An important question in biology is which sequence and structural features enable proteins sharing a common catalytic core to perform entirely different functions. Consider, for example, AAA+ ATPases, which mediate a wide variety of cellular activities, including membrane fusion, DNA replication, microtubule dynamics, intracellular transport, transcriptional activation, protein refolding or degradation, and the disassembly of protein complexes1,2. These form homomeric or heteromeric complexes consisting of from five to seven AAA+ modules with ATP-binding sites typically interacting with an adjacent module. Each complex channels the energy of ATP hydrolysis into coordinated conformational changes specific to its function. Although we cannot directly observe the biochemical mechanisms mediating these processes, given enough sequence data we can infer mechanistically imposed constraints. The nature of these constraints varies. They may appear as residues conserved in an entire superfamily or in functionally related protein subgroups (i.e., as correlations between sequence patterns and biochemical properties), as subtle pairwise correlations, or as correlations among these sequence features or with structural features.
Previously investigated protein constraints include function determining residues (FDRs), “coevolving sectors”, directly coupled (DC) residue pairs, and subgroup-specific patterns. FDR methods3,4,5,6,7,8,9,10,11,12,13,14,15,16,17,18,19,20,21,22,23,24 generally focus on predicting specific, well-characterized residue functions, such as in substrate recognition and catalysis, that can be benchmarked experimentally25. However, due to the incompleteness of experimental annotations, we lack reliable gold standards for important but as yet undiscovered residue functions26,27, which, along with objectively characterizing protein constraints, is the focus of our investigation here. One may uncover new residue functions by applying statistical methods—which most FDR approaches lack—to distinguish signal from noise within large data sets. Methods that focus on evolutionary changes within a phylogenetic tree28,29 make no presuppositions concerning residue functions, but cannot adequately analyze large numbers of sequences due to the need to construct a tree, which, for large data sets, introduces more complexity than either is necessary or can be reliably inferred.

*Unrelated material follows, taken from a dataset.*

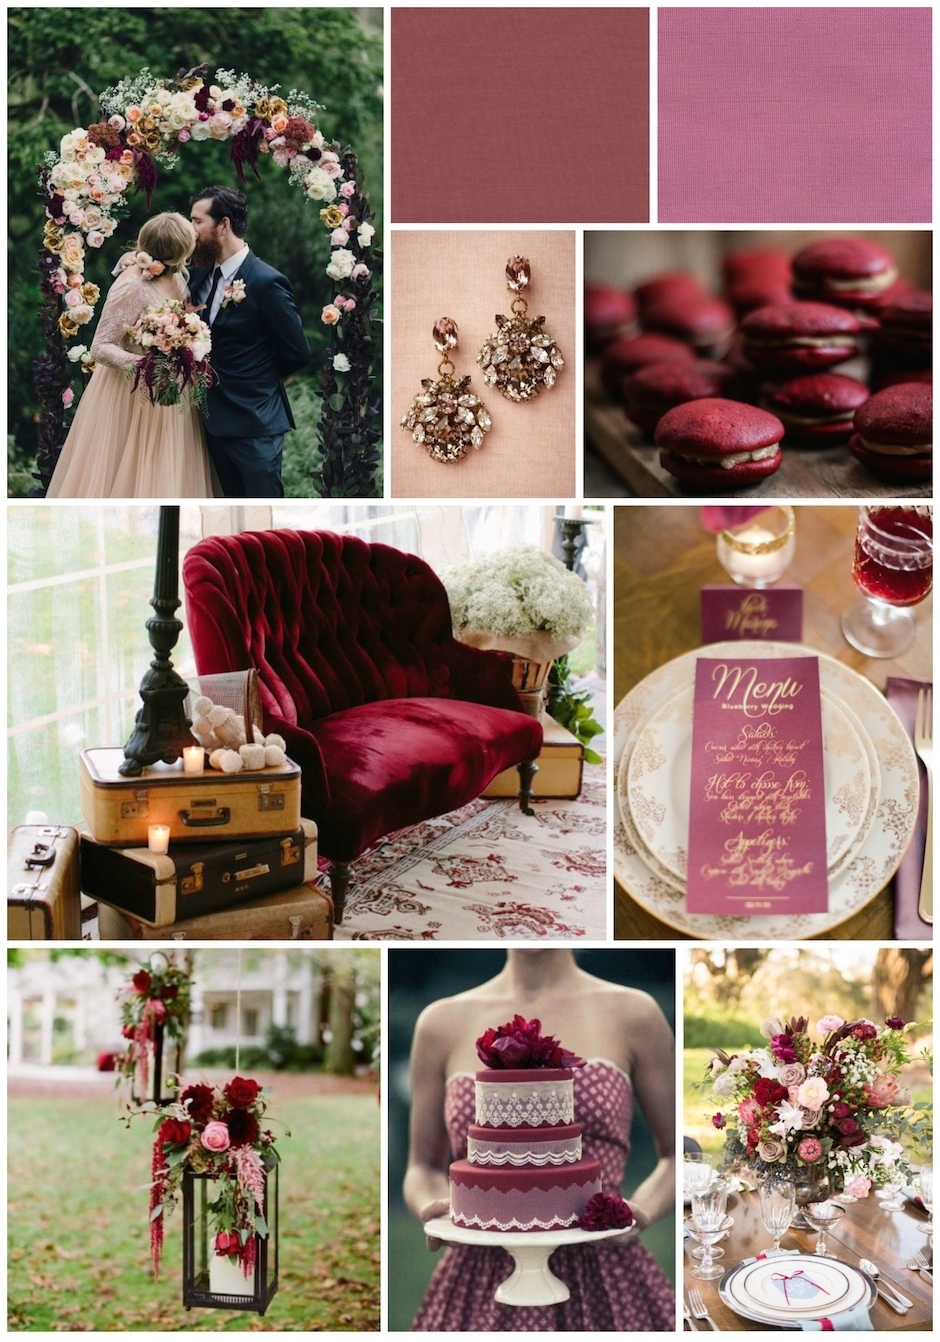 3 Gorgeous Wedding Palettes From Pantone's Fall 2015 Color Report ...

Statistical Coupling Analysis (SCA)30 applies principal component analysis to a multiple sequence alignment (MSA) covariance matrix to identify groups of “coevolving protein sectors”31 that are believed to arise from selection acting upon protein functional properties32. SCA has been used to predict hydrophobic cavities33 and surface sites34 involved in allosteric regulation and to design proteins35. However, most published SCA studies identify a single sector, for which, it has been suggested36, statistically equivalent predictions may be made using sequence conservation alone. If so, then SCA may be most useful when multiple sectors are present.
Direct coupling analysis (DCA)37 is similar to SCA but uses a different algorithmic approach38 and therefore extracts different biologically relevant information39. DCA focuses on predicting contacts between residue pairs based on correlated substitution patterns among homologous proteins: In order to maintain structural integrity, substitutions at one residue position often result in compensating substitutions at other positions over evolutionary time. Hence, in principle, MSA covariance analysis can predict structural contacts. However, early approaches fell short of expectations due to the confounding effect of indirect correlations: When residues correlate both at positions i and j and at positions j and k, then residues at positions i and k may also correlate even though they fail to interact directly. DCA39,40,41,42,43,44,45,46 overcomes this problem by disentangling direct from indirect correlations. DCA employs a variety of algorithmic strategies, including sparse inverse covariance estimation41, multivariate Gaussian modeling47, and pseudo-likelihood maximum entropy optimization43,44,48; among these, the last strategy (as implemented in CCMpred48) performed best based on the estimated significance of the overlap between high DC-scores and 3D-contacts49.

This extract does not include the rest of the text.